For the first time, this new provision has been judicially considered in the matter of Big Village Australia Pty Ltd (Administrators Appointed) [2023] FCA 48. Here, Mathew Russell Hutton and Robert Bruce Smith who were appointed as joint and several administrators of Big Village Australia Pty Ltd sought orders (under section 447A of the Act) to clarify the validity of their appointment in respect of two key issues:
- Would the last remaining director (Ms Kracht)[2] who purported to appoint the administrators (in circumstances where the company was in breach of section 201A(1) of the Act, which requires that a single director of a company must reside in Australia) invalidate their appointment as voluntary administrators?
- Would Ms Kracht’s earlier purported resignation as a director (leaving the company without a director in breach of section 203AB) and subsequent appointment of the administrators invalidate their appointment as voluntary administrators?
In the proceedings, the Administrators submitted that it was prudent that this matter be brought to the Court’s attention in the context of this application given the lack of judicial consideration of the issue and to dispel any lingering uncertainty that may affect the validity of the Administrators’ appointment.
Justice Anderson in reviewing the authorities noted that the Courts have been hesitant to express a concluded view on whether a breach of s 201A of the Act renders the appointment of a voluntary administrator ineffective but that “the better view appears to be that the fact a company has breached s 201A(1) does not affect the ability of the company to function (subject to the provisions of its constitution), and therefore does not affect its ability to appoint an administrator under s 436A of the Act”.
In reaching that conclusion Justice Anderson emphasised that the recently introduced anti-phoenix provision (section 203AB of the Act) clearly prevented Ms Kracht’s resignation from taking effect despite her attempt to do so and despite the company’s constitution allowing for it.
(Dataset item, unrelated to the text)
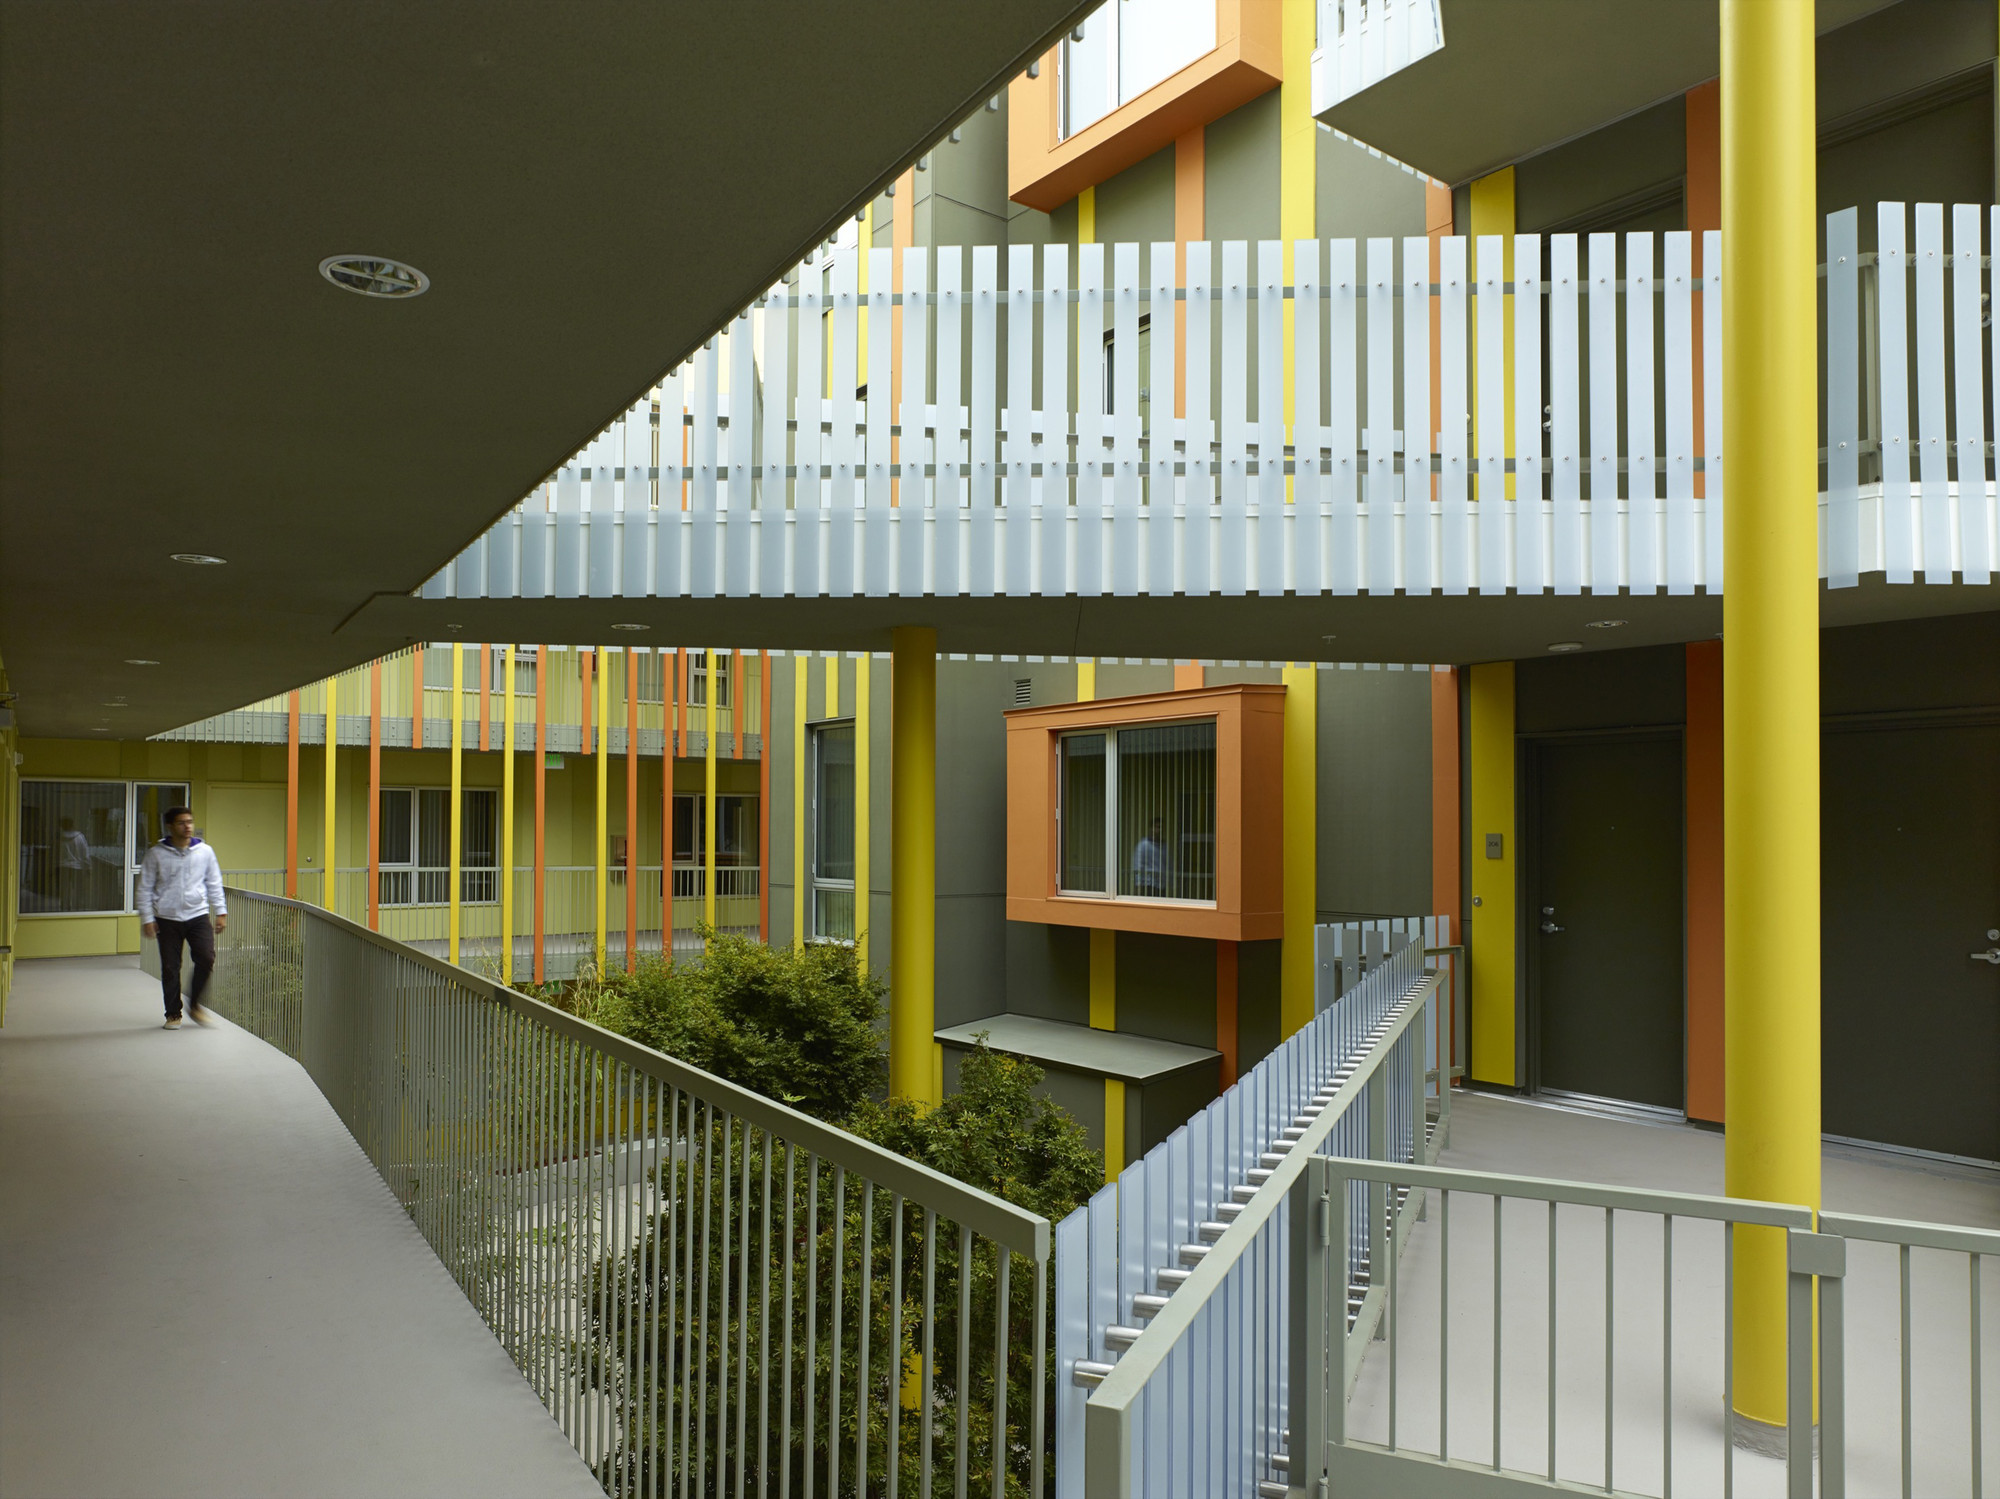 2802 Pico Housing / Moore Ruble Yudell, © John Linden

His Honour noted that “notwithstanding cl 11.5(c) of the Company’s constitution, which provides that “the office of a Director becomes vacant if the Director … resigns as Director by giving written notice of resignation to the Company …”, she remained the director at the time she passed the Resolutions”.
Justice Anderson then considered the factors to be considered by the Courts in granting an order under s 447A and noted they were typically related to situations where major steps in an administration and a subsequent deed of company arrangement have taken place and a challenge to validity only comes much later. In the particular circumstances of this case, His Honour noted that it is nonetheless relevant to consider:
(a) the likely insolvency of the Company;
(b) the inquiries the Administrators took to confirm the validity of their appointments;
(c) the potential disruption that may be caused by a future challenge to the validity of the Administrators’ appointment;
(d) the conduct of the directors prior to the appointment;
(e) any work the Administrators have carried out on the assumption their appointments are valid;
(f) whether substantial injustice would be afforded to any party by the making of the orders; and
(g) whether making the order is otherwise consistent with the objectives of Part 5.3A.
His Honour consequently made orders pursuant to section 447A of the Act confirming the Administrators’ appointment.
Conclusion
Justice Anderson’s judicial determination of the effect of section 203AB confirms that a sole director’s attempt to resign will not be effective despite what the company constitution provides and regardless of intent.
Any purported resignation by a sole director will be ineffective and they will retain all powers and duties as a director.
This publication covers legal and technical issues in a general way. It is not designed to express opinions on specific circumstances. It is intended for information purposes only and should not be regarded as legal advice. Further professional advice should be obtained before taking action on any issue dealt with in this publication.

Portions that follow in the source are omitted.